フジテレビが「吉野家」礼賛
フジテレビもここまで落ちたのか
フジテレビが吉野家礼賛、そこには米国の影が
日曜日のフジテレビ系10:00からの報道番組「新報道プレミアA」で、牛丼チェーン吉野家の話を感動秘話風に取り上げていたのには驚いた。以前、バブル崩壊後の景気低迷で負債を抱えた吉野家が、いかにして復活したのかを、NHKの「プロジェクトX」風に感動物語に仕立てて報道したことには呆れてしまった。
吉野家の牛肉がもともとアメリカ産輸入牛肉なのは周知の事実である。米国産牛肉は、米国内でのBSE発生を受け、2003年12月に日本が輸入を停止していた。内閣府・食品安全委員会は、輸入再開のリスクを検証し、脳や脊髄(せきずい)などの特定危険部位の除去や、生後20か月以下の牛に限ることを条件に、2年ぶりの再開を決め再輸入を行なった。ところが、輸入再開後、すぐに成田の検疫で特定危険部位の背骨が混入した牛肉が見つかった。
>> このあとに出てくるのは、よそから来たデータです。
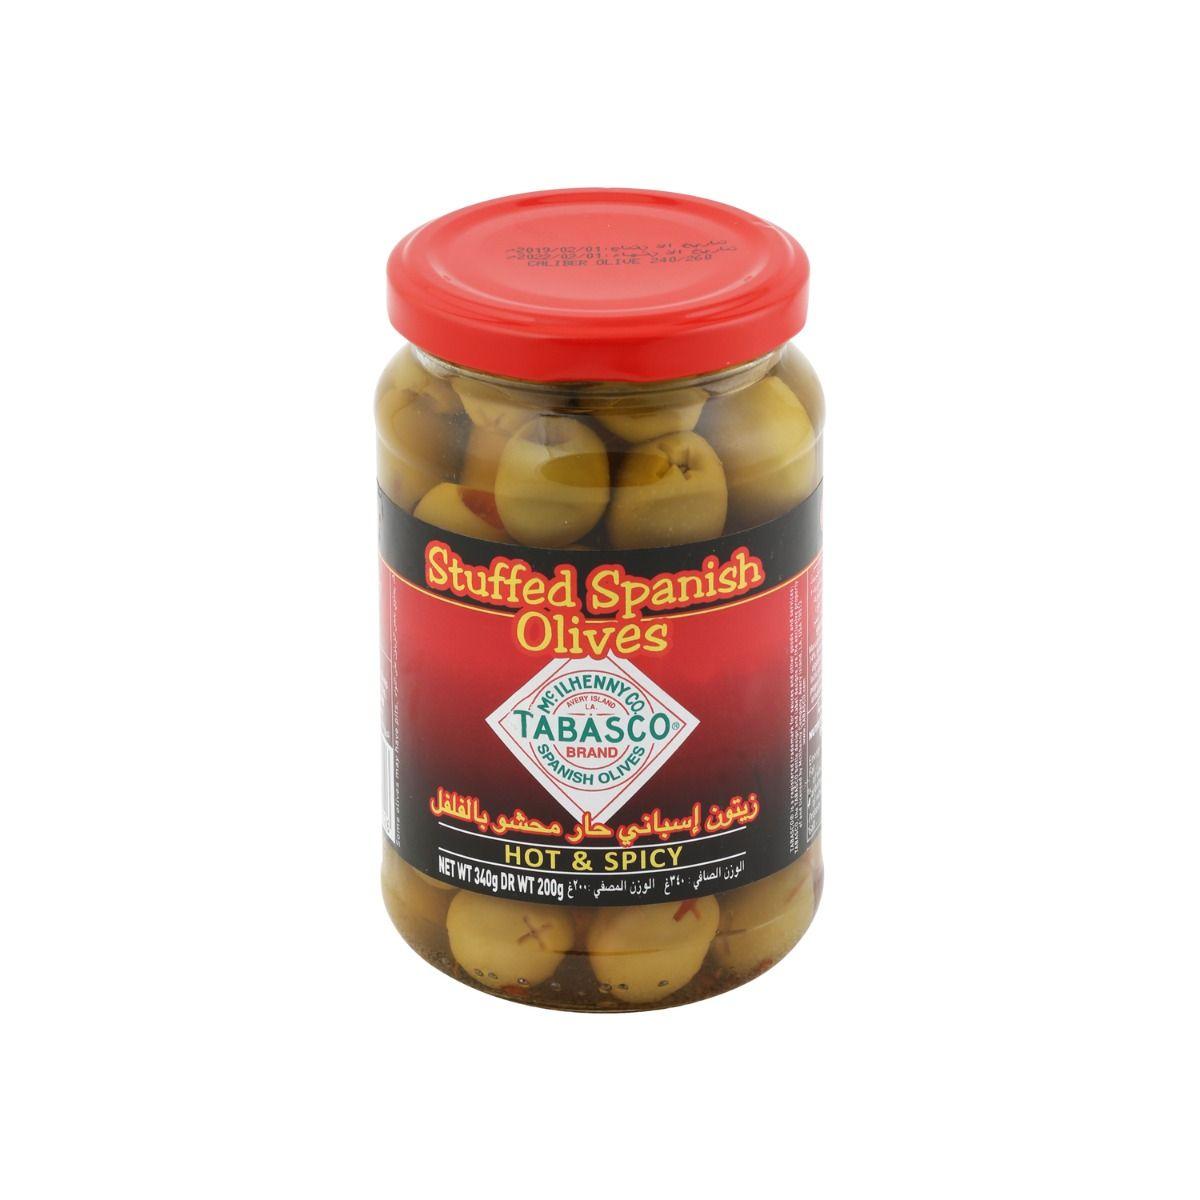 تباسكو زيتون أخضر بالفلفل الأحمر ٣٤٠ غرام - ١٢ حبة

日本政府は即座に米国産牛肉の輸入を禁止した。
ところが、アメリカは日本の安全基準が厳しすぎるとして難癖を付け、このまま輸入禁止を続けると、報復措置として、かつてのスーパー301条のように日本からの輸入関税を引き上げると脅した。こういう強制的な圧力に屈して日本政府はしぶしぶ輸入禁止を解くことになった。こういう経緯を国民は知っているはずである。つまり、日本人の感覚から言うと、米国牛肉はまったく安全とはいえない状況で輸入が再再開されているのである。
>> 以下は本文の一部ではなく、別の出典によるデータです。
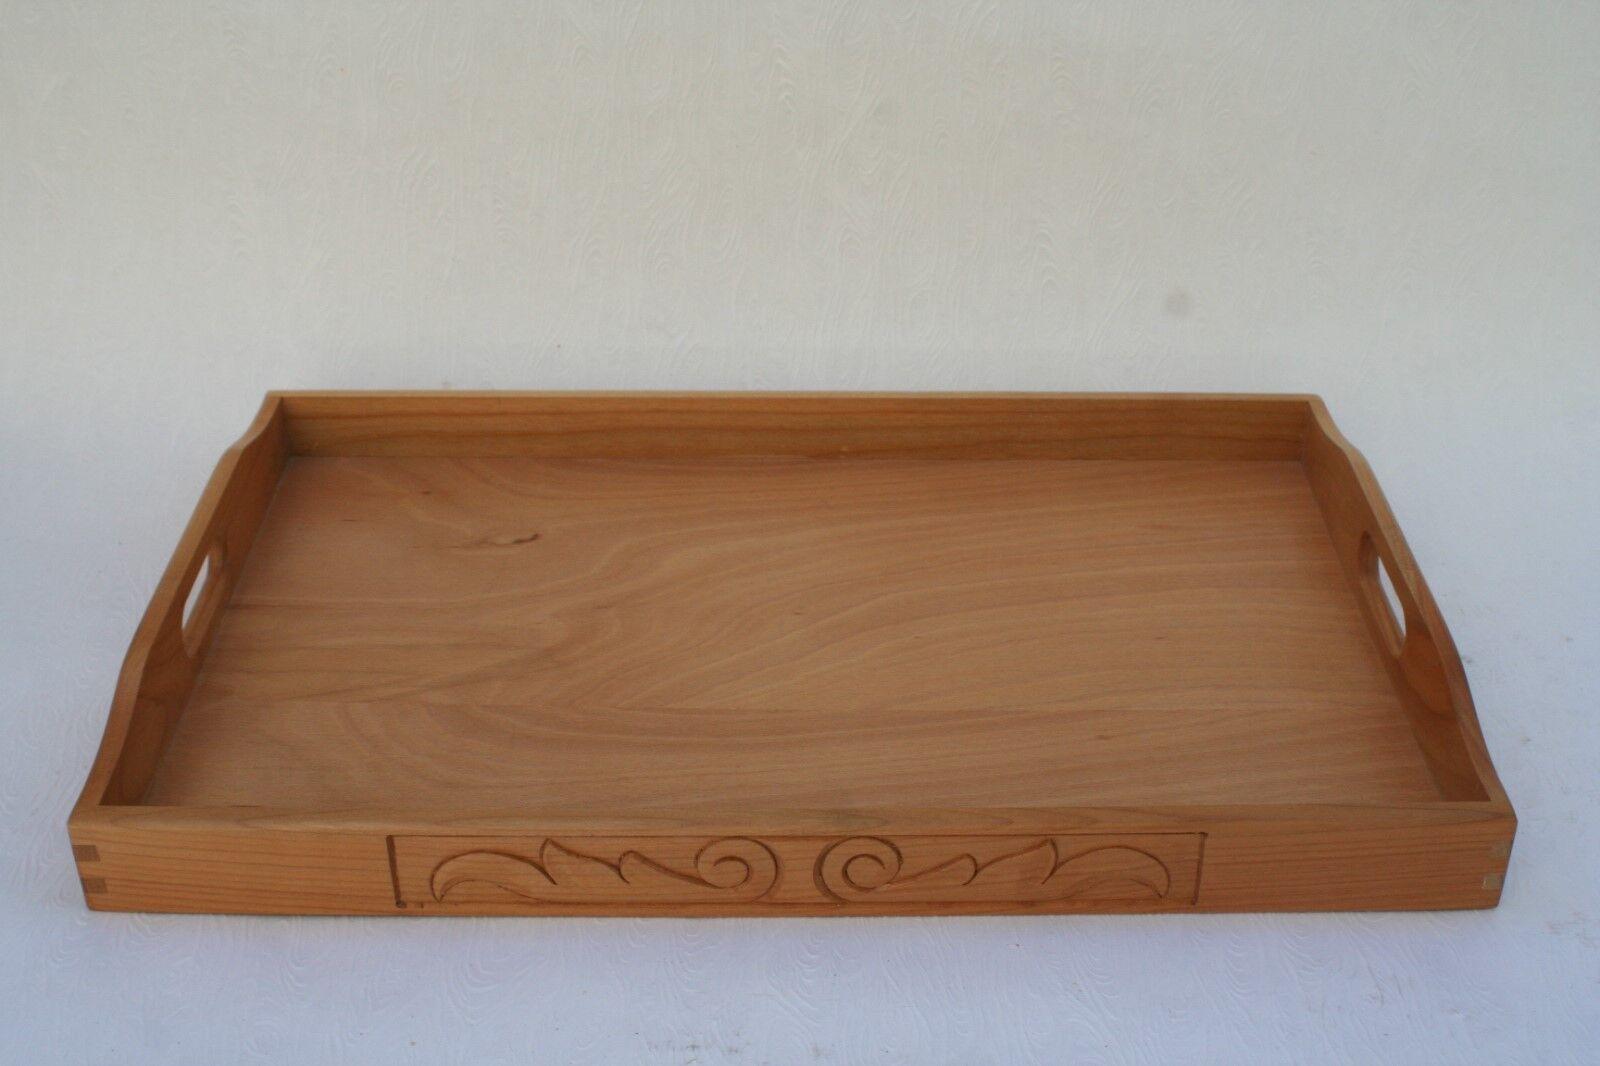 Serviertablett Holztablett Servierplatte Tablett Holz geschnitzt Kirschbaum

こういうさなかにあって、フジテレビはBSE問題が依然として未解決なことを棚に上げ、アメリカ産牛肉を使用する吉野家の復興美談を臆面もなく放送したのである。これが公器と言われるテレビのやることだろうか。おそらくフジテレビの目的は吉野家の復興物語の感動秘話ではなく、吉野家を大々的に取り上げることによって、アメリカ産牛肉の消費を促す魂胆でなのである。ここまで露骨に吉野家のヨイショ番組を報道した背景には、明らかにアメリカの梃子押しが働いているとみて間違いないだろう。いまや、日本の巨大報道機関はアメリカの代弁者に成り果てている。公器であるテレビ局が、一企業である吉野家を、特別にニュース番組で肯定的に取り上げることは報道の公平性に反している。それよりももっと悪質なことは、国民の安全のためにBSE問題を追及するべきテレビが、それを無視して、BSEの火種を抱える米国産牛肉の消費を歓迎するかのような報道を行なったことである。これは二つの意味で確信犯的に悪質な報道である。一つは、公器であるべきテレビ局が特定企業の宣伝を行なったこと。もう一つは、BSE問題という国民の生命と健康を害する食品に深く関わるテーマを故意に無視して、アメリカ産牛肉の消費キャンペーンになっていることだ。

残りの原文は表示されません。